Comment cela se traduira-t-il dans les faits ? D'abord, les autorités organisatrices, État et régions, devront publier un avis de pré-information sur l'ouverture à la concurrence de ces deux lignes au Journal officiel de l'Union européenne. Ce document aura pour objectif d'informer les entreprises qui souhaitent candidater pour administrer les lignes en question. Ensuite, d'ici un an, Etat et régions lanceront un appel d'offre pour désigner de nouveaux exploitants, leurs réseaux étant divisés par lots.
Cet appel d'offre sera agrémenté d'un cahier des charges dans lequel l'État indiquera le type de service qu'il souhaite mettre en place et notamment la fréquence des trains. Au bout du compte, État et régions pourront reconduire la SNCF, ou choisir un opérateur alternatif comme le français Transdev ou l'italien Trenitalia. Le voyageur, lui, n'aura pas le choix. Ce n'est qu'à partir de 2022 que le gagnant, la SNCF ou un concurrent, se verra confier les rênes de ces deux lignes.

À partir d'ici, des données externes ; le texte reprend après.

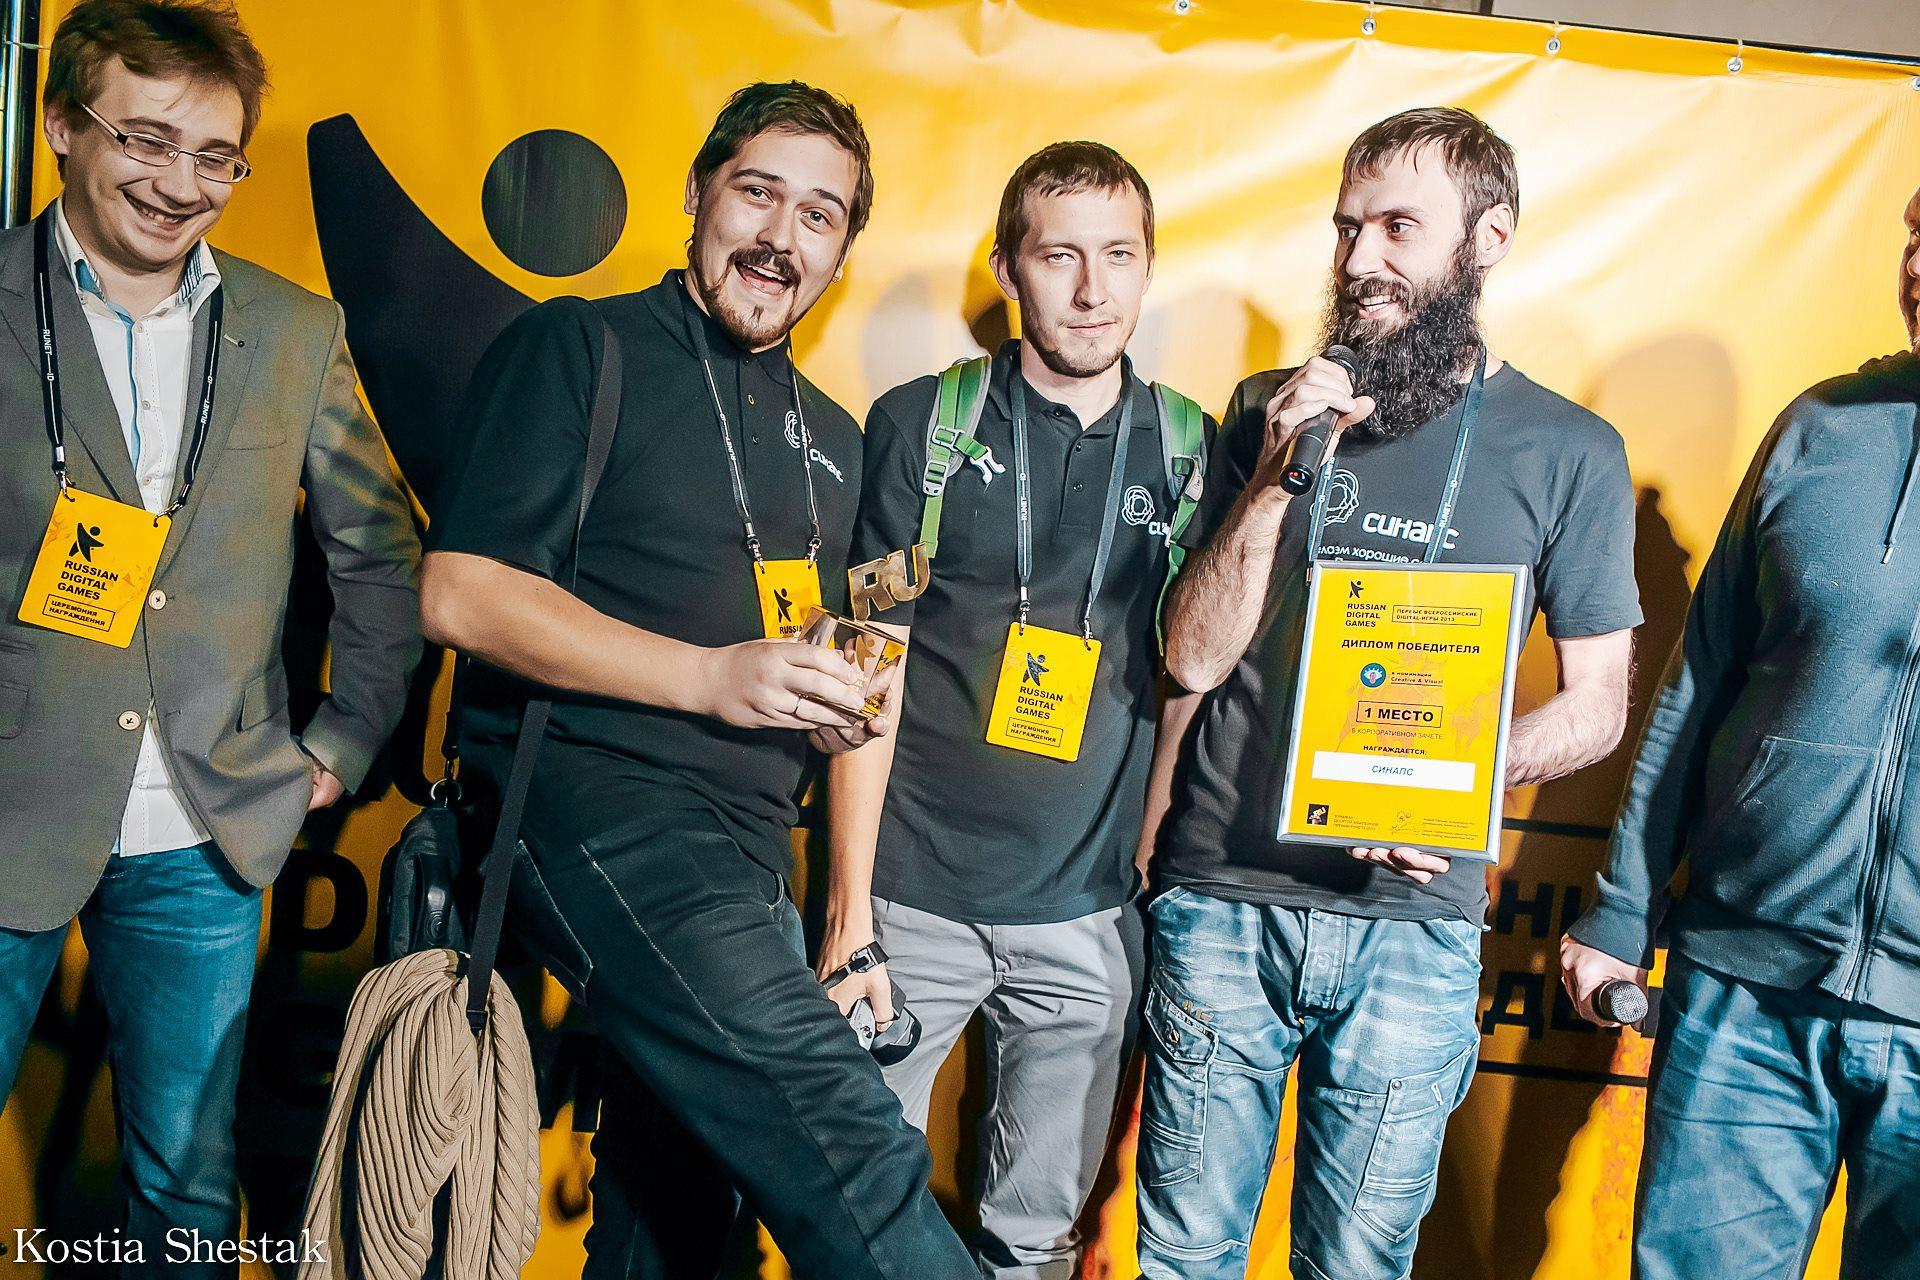 Вологжане завоевали премию Рунета, сделав сайт для продажи котов

Proposé en un seul lot, le choix des lignes Nantes-Lyon et Nantes-Bordeaux n'est pas du au hasard : elles viennent de bénéficier d'un renouvellement complet de leurs trains et les travaux prévus sur les parcours devraient être achevés dans trois ans, a expliqué le ministère. La première concerne 387.000 voyageurs par an avec deux allers-retours quotidiens, et la seconde 686.000 voyageurs avec trois allers-retours quotidiens pour un coût de 25 millions d'euros par an supporté par l'Etat.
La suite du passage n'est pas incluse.